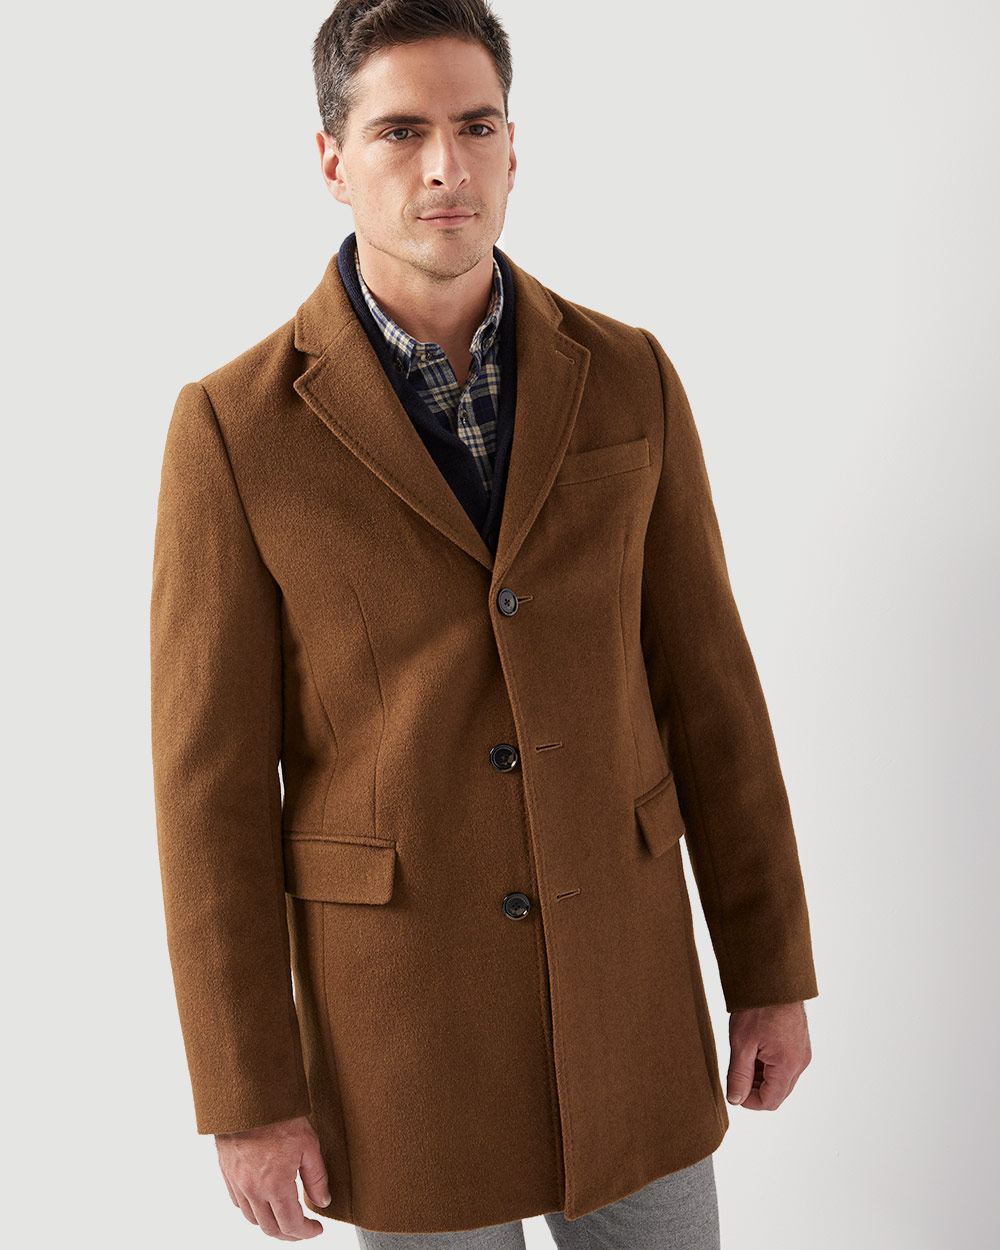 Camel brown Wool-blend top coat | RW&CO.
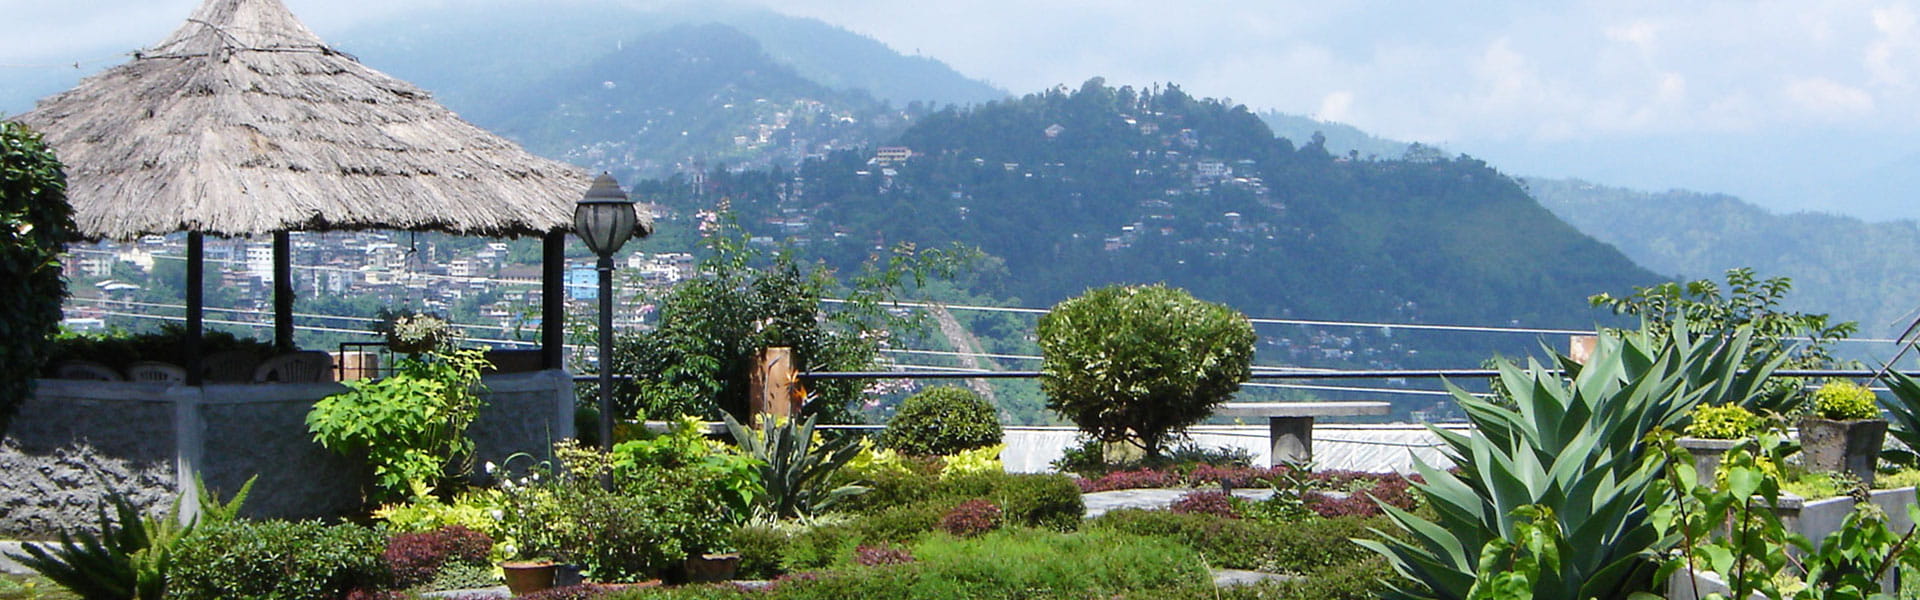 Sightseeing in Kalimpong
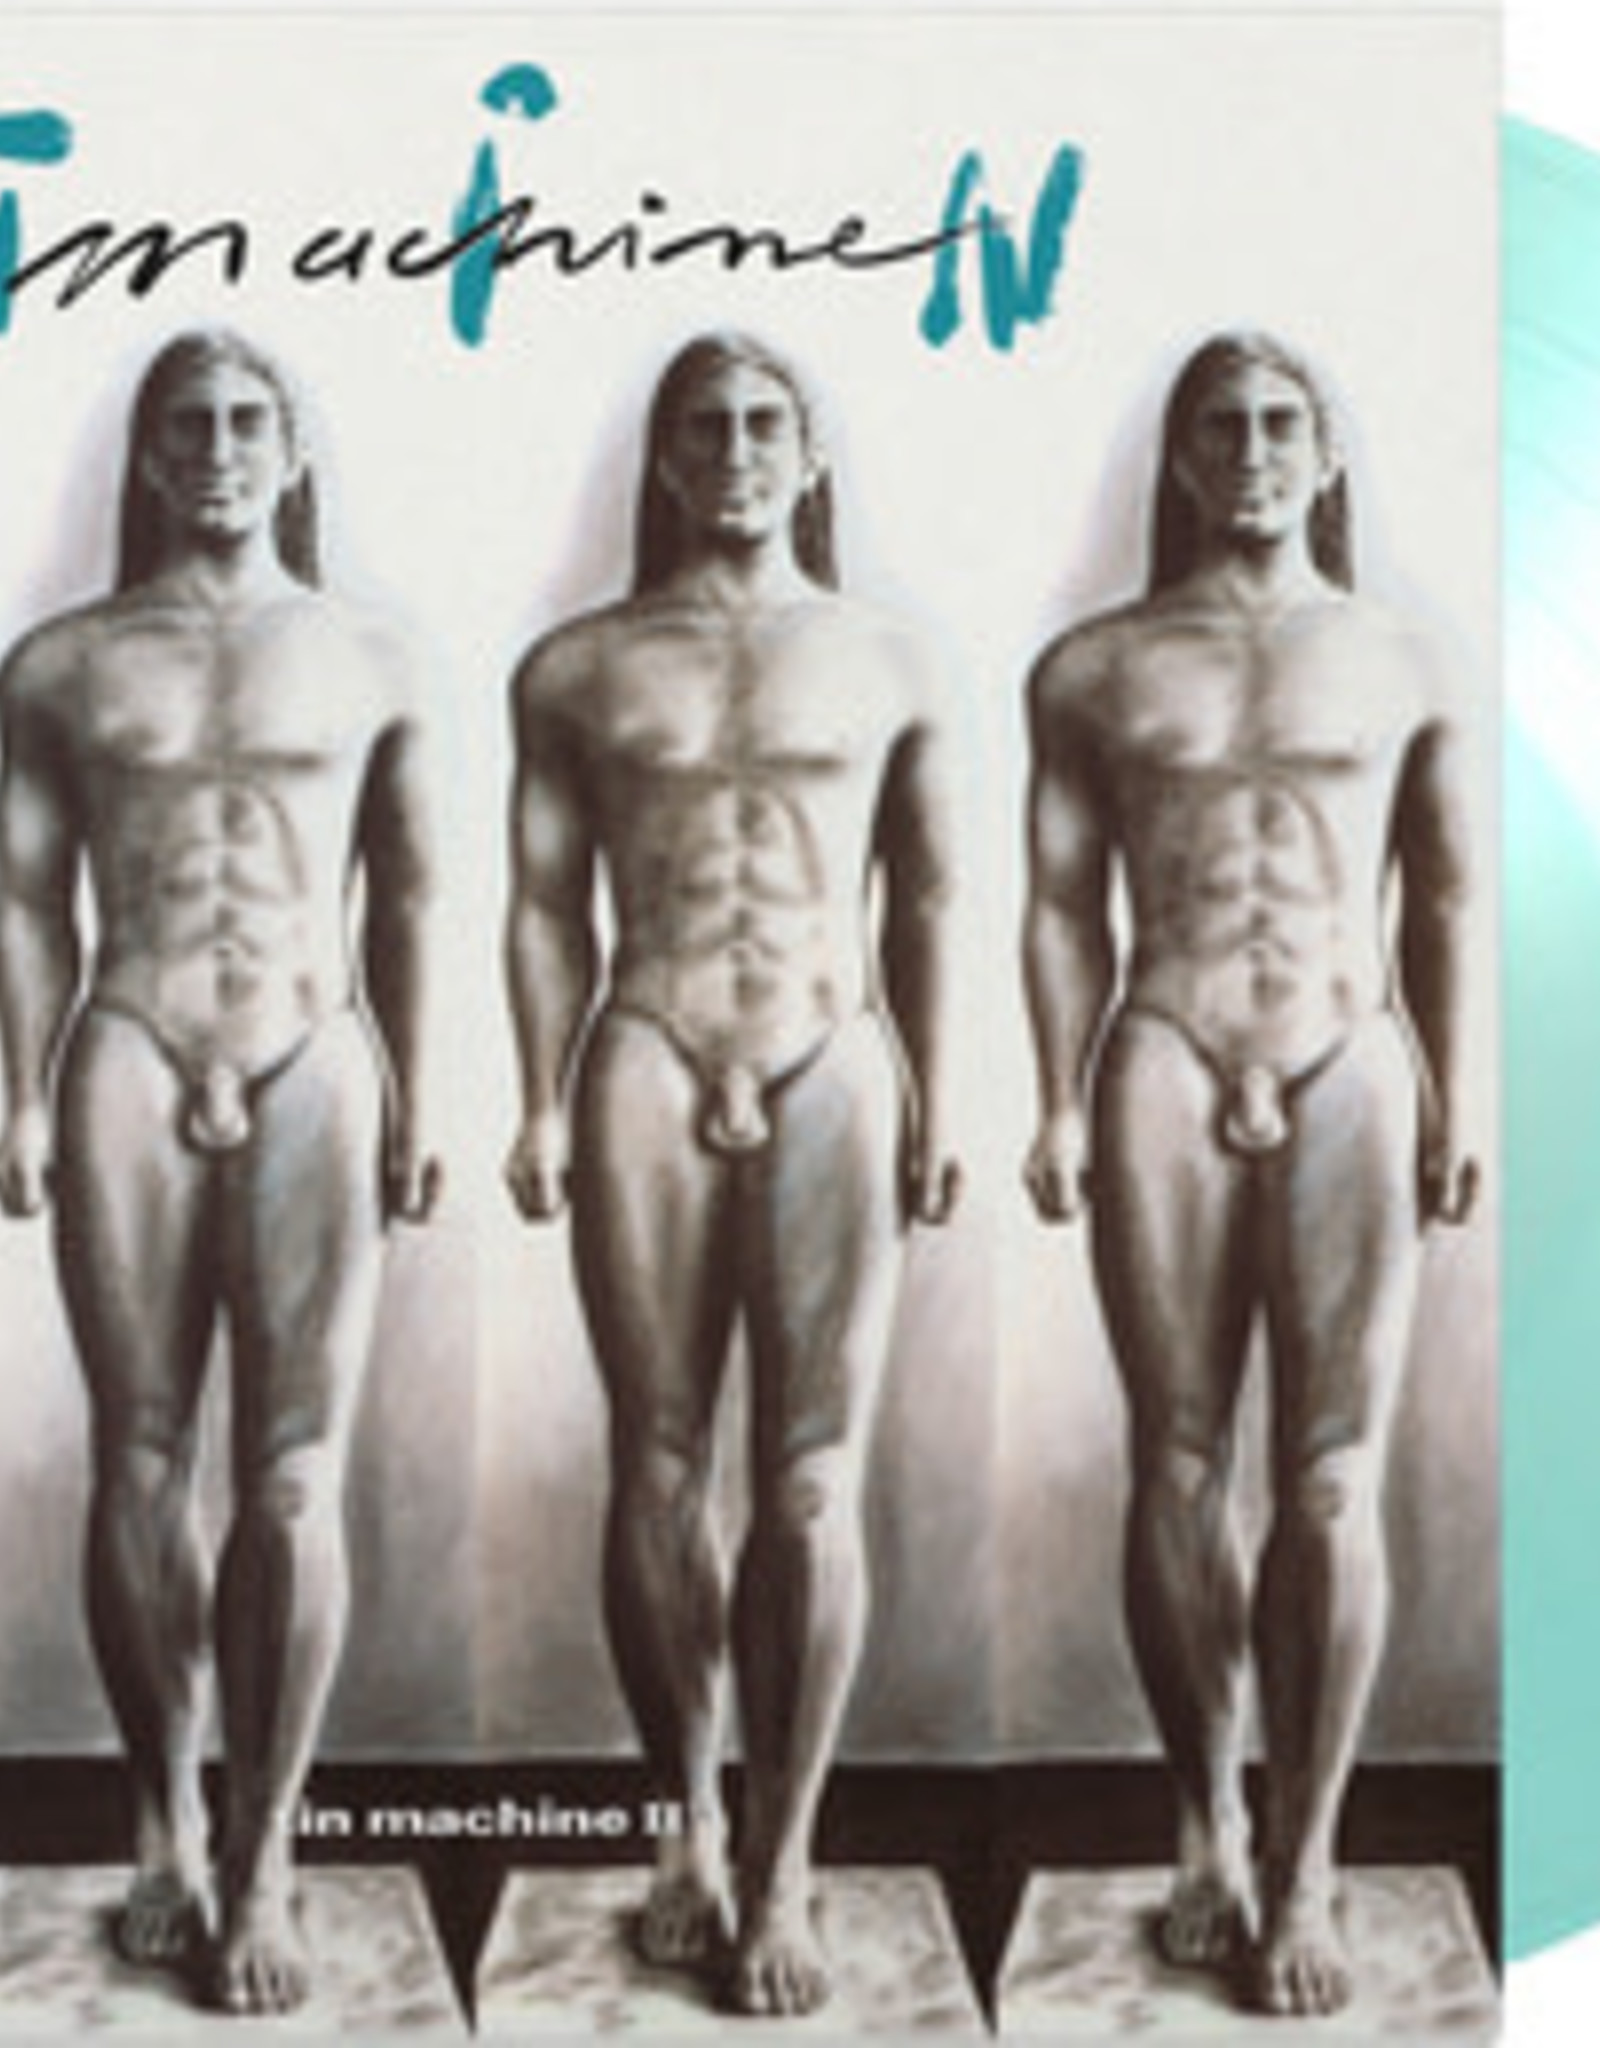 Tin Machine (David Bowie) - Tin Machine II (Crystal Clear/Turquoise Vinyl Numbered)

- _ASSIGNMENT_
The result should be every line of the data, reproduced exactly, with the images removed.

- _RESULT BELOW_
 Camel brown Wool-blend top coat | RW&CO.
 Sightseeing in Kalimpong
 Tin Machine (David Bowie) - Tin Machine II (Crystal Clear/Turquoise Vinyl Numbered)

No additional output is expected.